To understand, you must first understand what annoys you in the behavior of smoothies. If you are constantly attracted to such men, and they, too, are drawn to you, then this means that you have some traits of their character. What you don’t like with smoothies reflects the side of your character that you don’t want to notice. What does the word “heartthrob” mean to you? This is a man who seduces
- I have great difficulty with the concept of responsibility. I was beaten, and I experienced all sorts of hardships. I think I was not always to blame.

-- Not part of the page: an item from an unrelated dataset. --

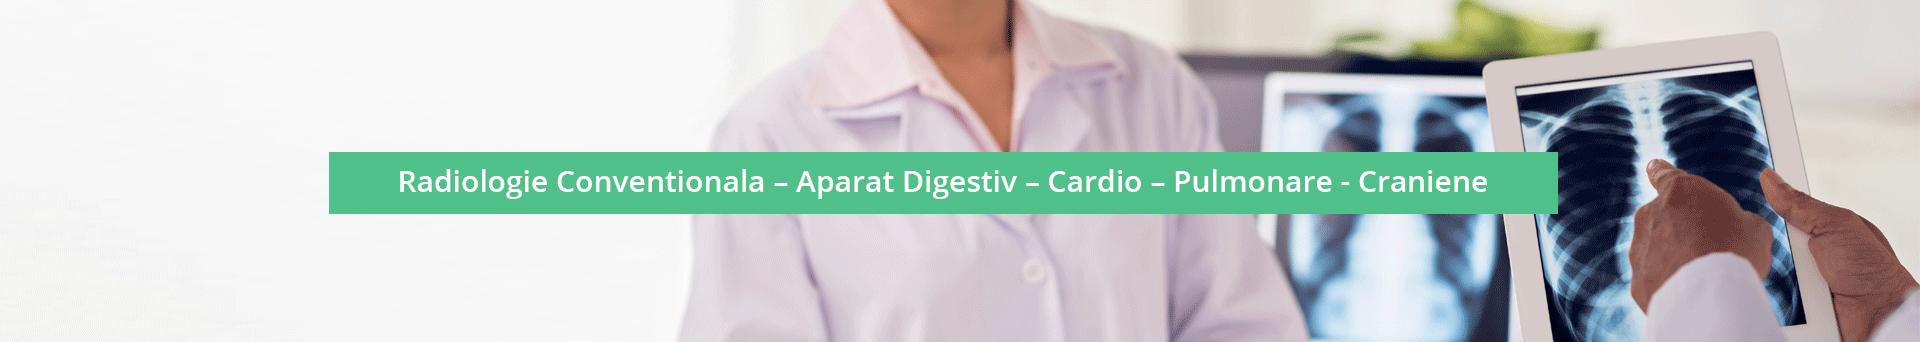 Radiologie Conventionala – Aparat Digestiv – Cardio – Pulmonare - Craniene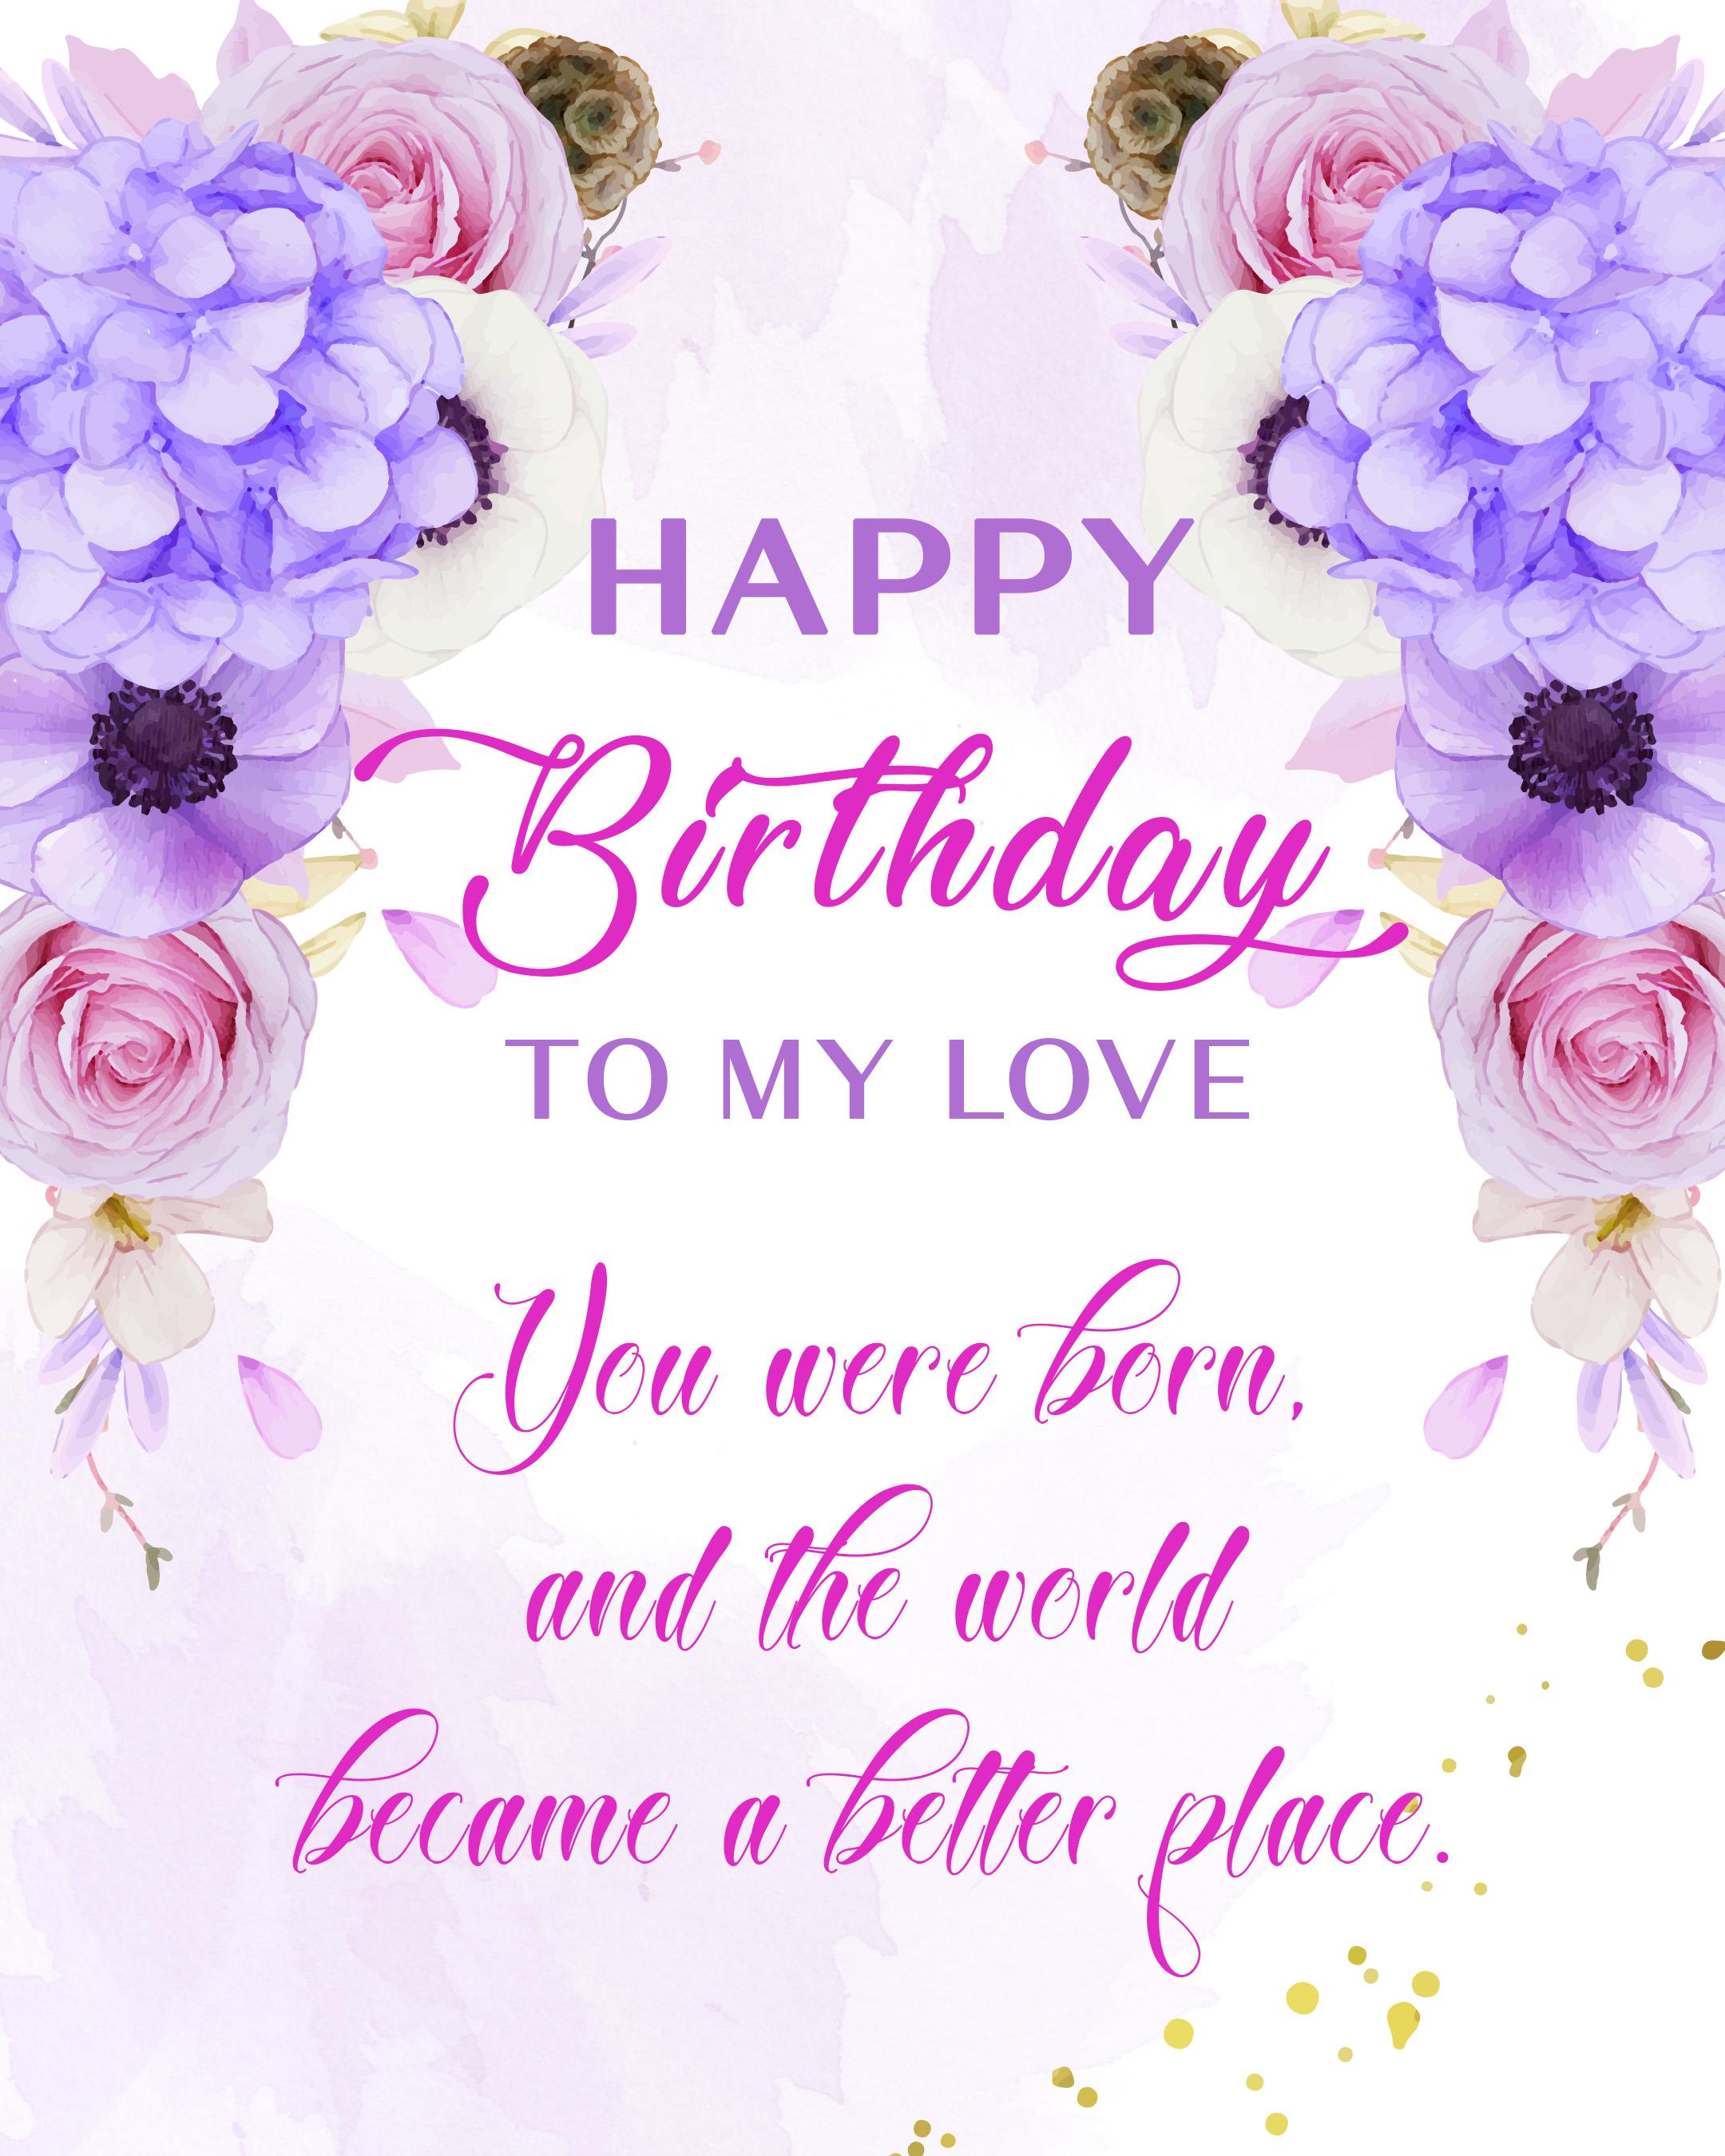 Free Happy Birthday Image With Love - birthdayimg.com

What do you say to that? From your question it follows that you consider yourself guilty. You say to yourself: “I didn’t do anything wrong; why did it happen to me then? ”Very often people confuse guilt and responsibility. Your responsibility for what happened to you lies in your ability to state that the life you have lived was not easy, and, most importantly, in understanding that everything
- In your first book you advise: before leaving a spouse, a woman should make sure that she really does not have anything more to do with her and that otherwise she cannot avoid the repetition of the previous situation.
Would you like to say in this that if my relationship with my wife is full of emotions and if I react sharply to everything, but I should learn to experience these emotions differently, and I have no right to leave him? In my book, I write that if you leave your husband for the reason that you are not able to accept any trait of his character, then in the future you will definitely meet another person with the same trait -
- For a short time I had a lover, and I feel guilty that he did not renew his marital relationship with his wife. I feel guilty for everything that was destroyed. How do I get rid of this guilt?
The relationship between your former lover and his wife does not concern you in any way. What happens between them has nothing to do with you. But, relying on your scale of values, you tell yourself that it is not good to have a relationship with a married man. You must choose one of two things: either to make sure that this does not happen again, because you feel guilty, or to change your
- When I go out for a walk alone or with a friend, my husband always blames me or sulks me. Sometimes I still go out for a walk, and sometimes not. One way or another, I feel ill at ease. If I go for a walk, I feel guilty. If I do not go out for a walk, then I feel unhappy. I know that I give in to guilt, but I can’t do anything with myself. What do i do?
It is clear that your husband only openly expresses what is already happening in you. He is part of you, who says that a good wife should not go out without her husband. However, there is another part of you that sometimes wants to go out with someone else. Apparently, the first part - stronger and more often wins. Make contact with these two parts in you and ask them to come to an agreement and
- The exercise "early education"
Although we rarely catch this connection, many of our adult losses are directly related to the way we were raised in childhood. Children are sometimes told that they are not capable of anything, or, on the contrary, that everything should be done with ease. Both statements bring the child to a standstill. The questions below are aimed at helping you recognize and decipher the effects of your upbringing.